И остался у Пале-Рояля Голубок с Люсиеной Субтильной. А той все щебеты, смех, и пощиплет портупейный ремень ему, и алый лампас тронет перчаткой: «ридикюль, ридикюль».

Где же Парамону Голубаеву знать, что в Париже тогда любому казаку было прозвание «ридикюль».

Ридикюль, так и пущай ридикюль. Идет бравый казак с младой французской особой по улицам самым людным.

Мало ли, долго, только Сидор сиятельству графскому жаловаться ходил, что свелся-де с лица млад донской казак, шишиги-вертихвостки парижские его завертели, в церкву не ходит и ровно бы православную землю забыл: на французскую бабенку позарился.

А граф Платов сказал:

– Ты ступай, я его промережу: накажу эстафеты в штабы возить день-деньской при полном параде. Лодырем стал на мирных квартерах, бабами облошивел: я блох-то повыбью…

Но что бы вы думали, други мои, какое происшествие тут случилось.

Скачет Голубок по долгу присяги с преогромной красной пикой и сумкой казенной, на которой россейские медные литеры, а его на улице людной из синей кареты и окликни та госпожа: «Ридикюль, ридикюль», и платочком еще помахала, а платочек воздух один, не платочек.

И случилася тут беда и казны небрежение: младой казак прыгнул с коня, госпожа ему подала руку, он шасть в карету, высунул из окна руку, держит коня, а как красная пика в карету не влезла, то видели все, – пробила двулезая пика дырку в каретной покрышке и оттуда торчит. Так и покатила карета по улице, а все кругом закричали «ура».
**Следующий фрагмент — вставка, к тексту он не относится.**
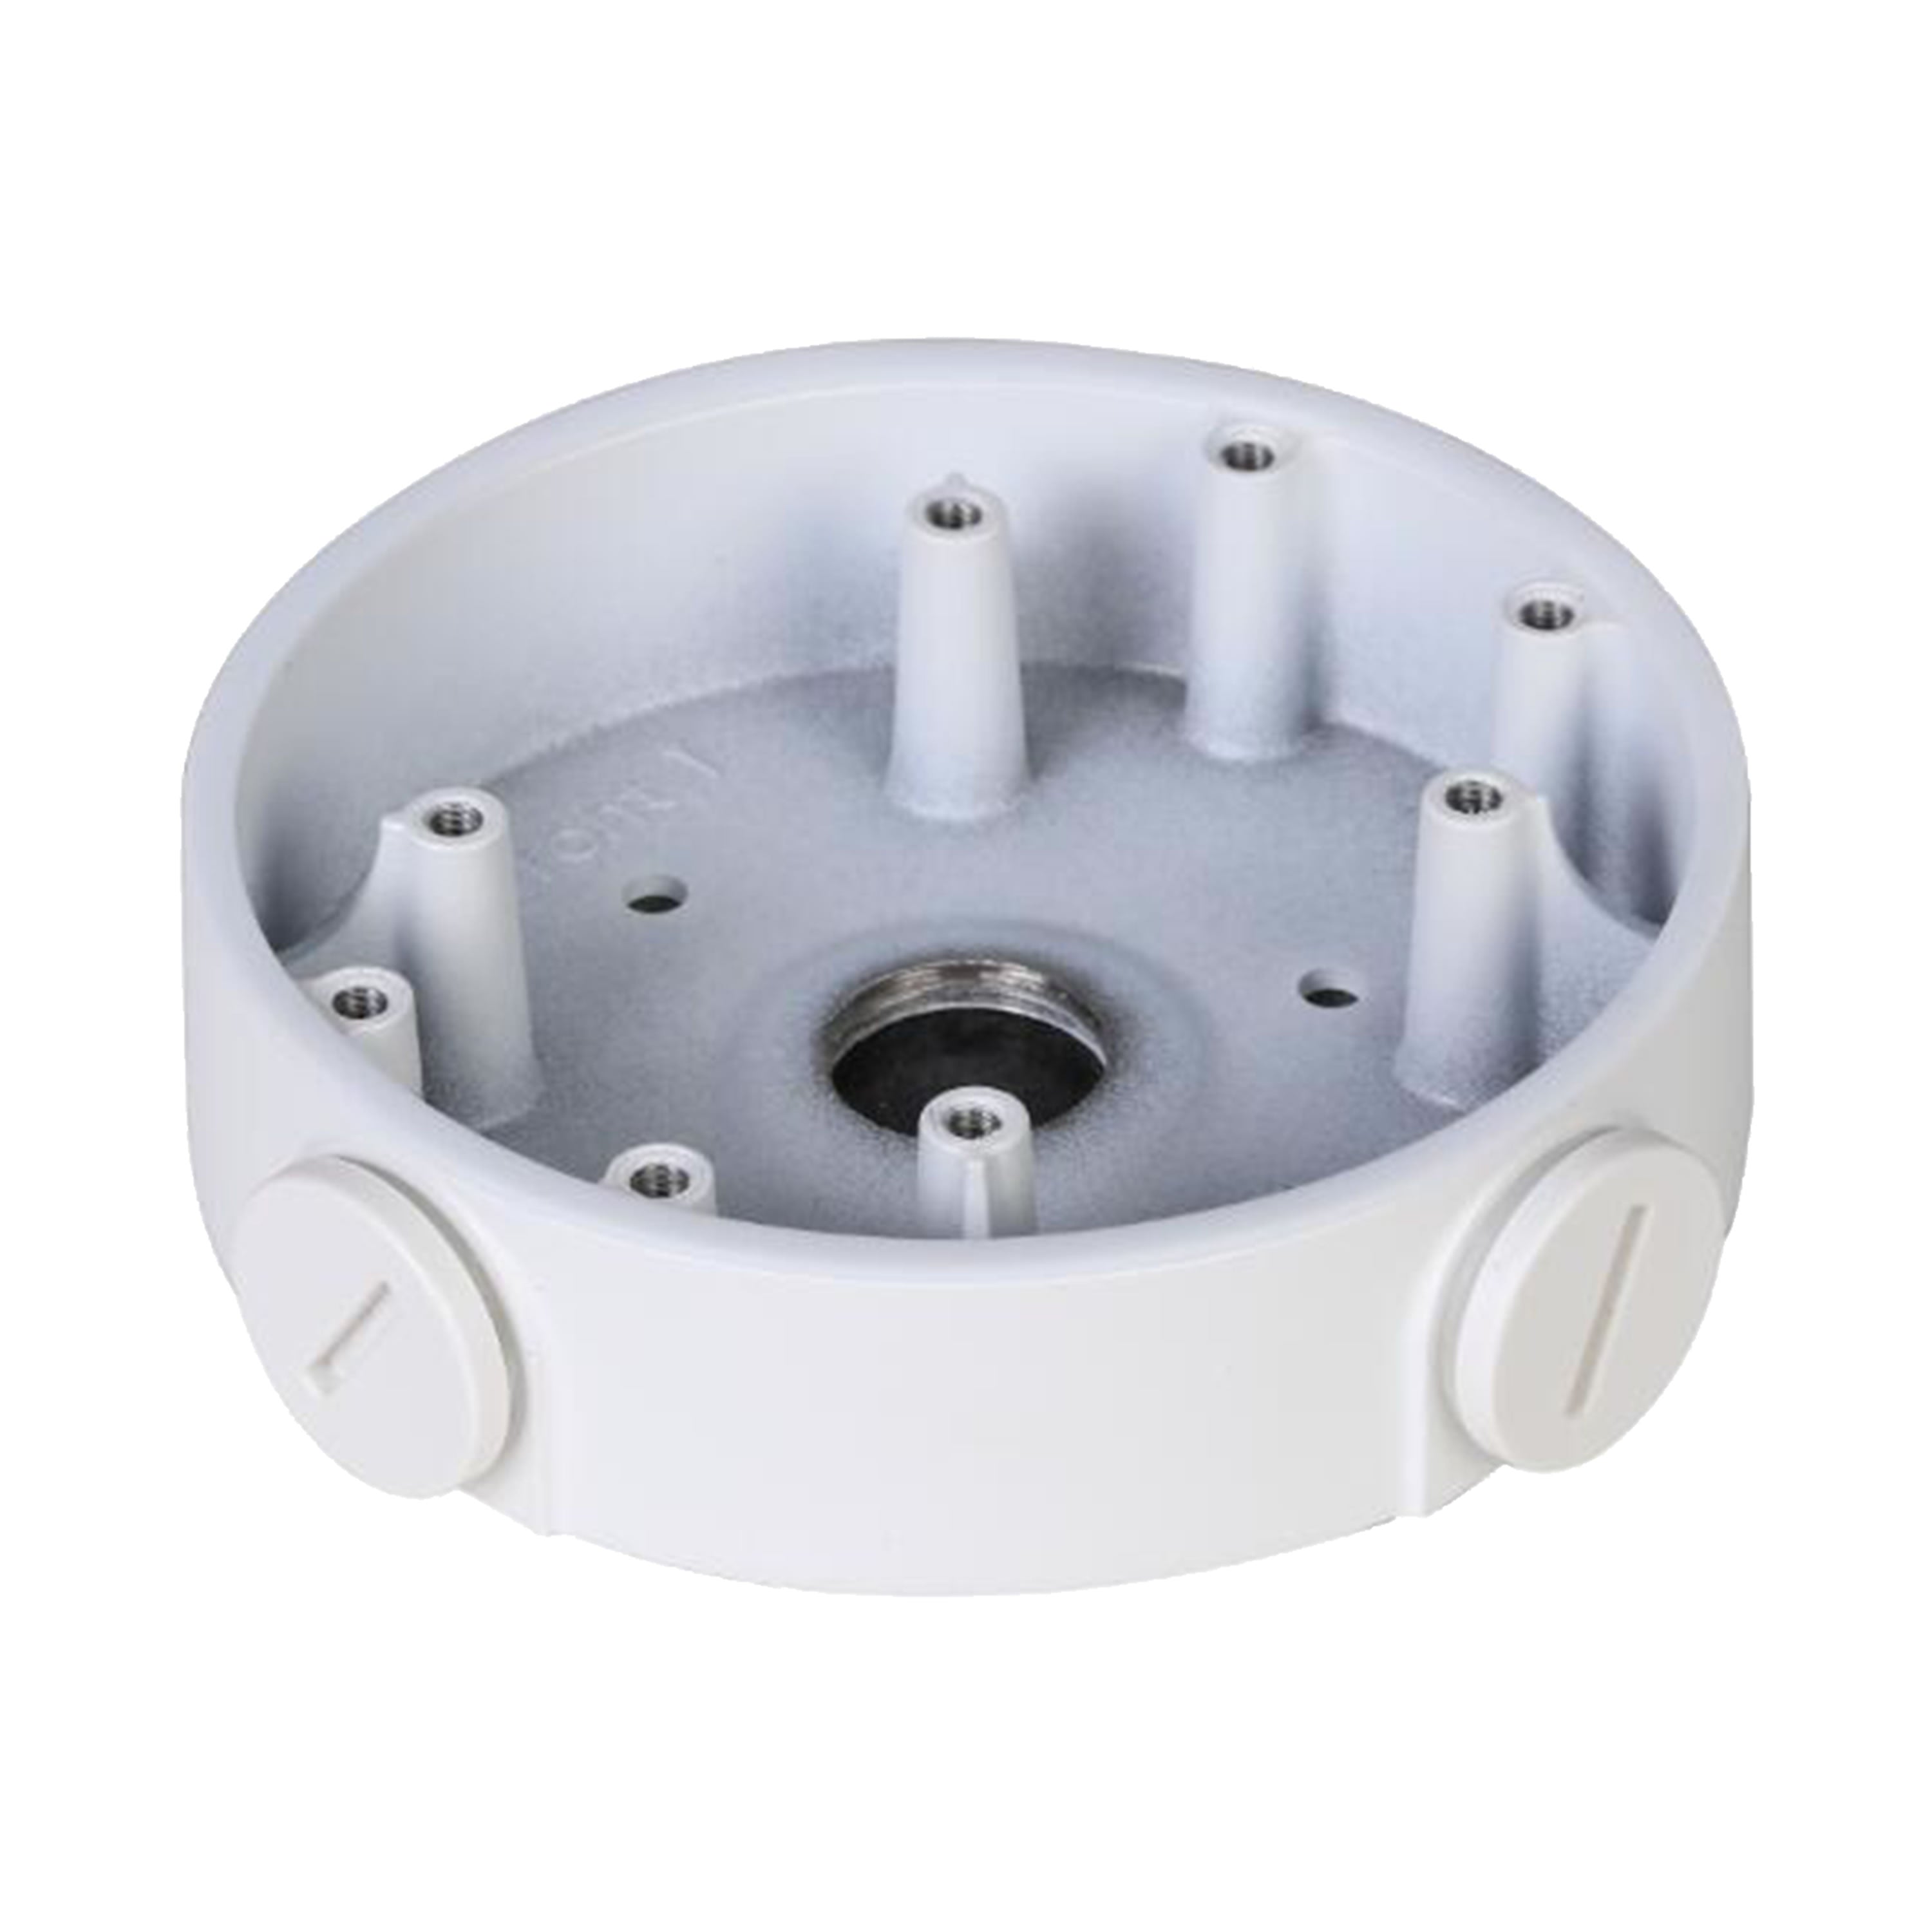 23-4FA139 Water-proof Junction Box for Turret Camera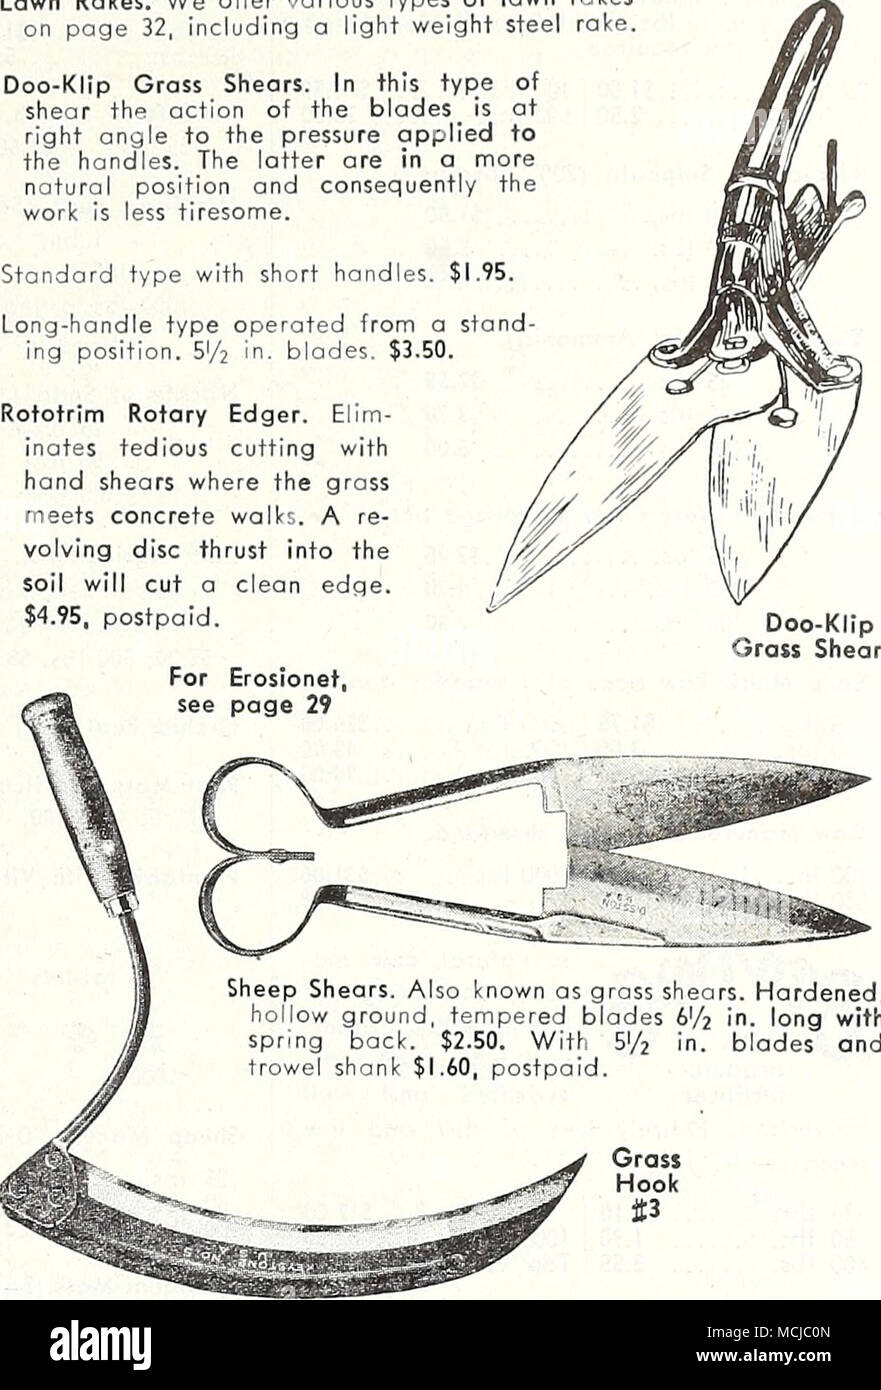 . Sheep Shears. Also known as grass shears. Hardened, hollow ground, tempered blades 6'/2 in. long with spring back. $2.50. With 9/2 in. blades and trowel shank $1.60, postpaid. Grass Hook ft3 Grass Hooks J3. Has full-tempered high-quality steel blade V/i in. wide, off-set at handle. 90c. J5 has detachable tempered steel blade 2 in. wide, 75c. Sickle Bar Lawn Mower Attachments Attached to the front bar of the lawn mower, the cutting blade is put into motion by wooden pulleys resting on the lawn mower driving wheels. Cuts down the high grass so that the mower blades can take hold of the remaind Stock Photo

Однако ввечеру взяли Голубка под арест для острастки. Но ночь не стала еще, как бежал младой казак с полковой гауптвахты.

Пробежал он пешим скрозь весь Париж к дому Люсиены Субтильной. А в окнах того знатного дома горит много свечей и слышна многая музыка.

И каким ветром понесло младого казака, только он поплевал на ладони, ухватился за каменный французский герб со шлемом пернатым и рукавицами, понатужился, на герб забрался. А был тот герб под освещенным окном.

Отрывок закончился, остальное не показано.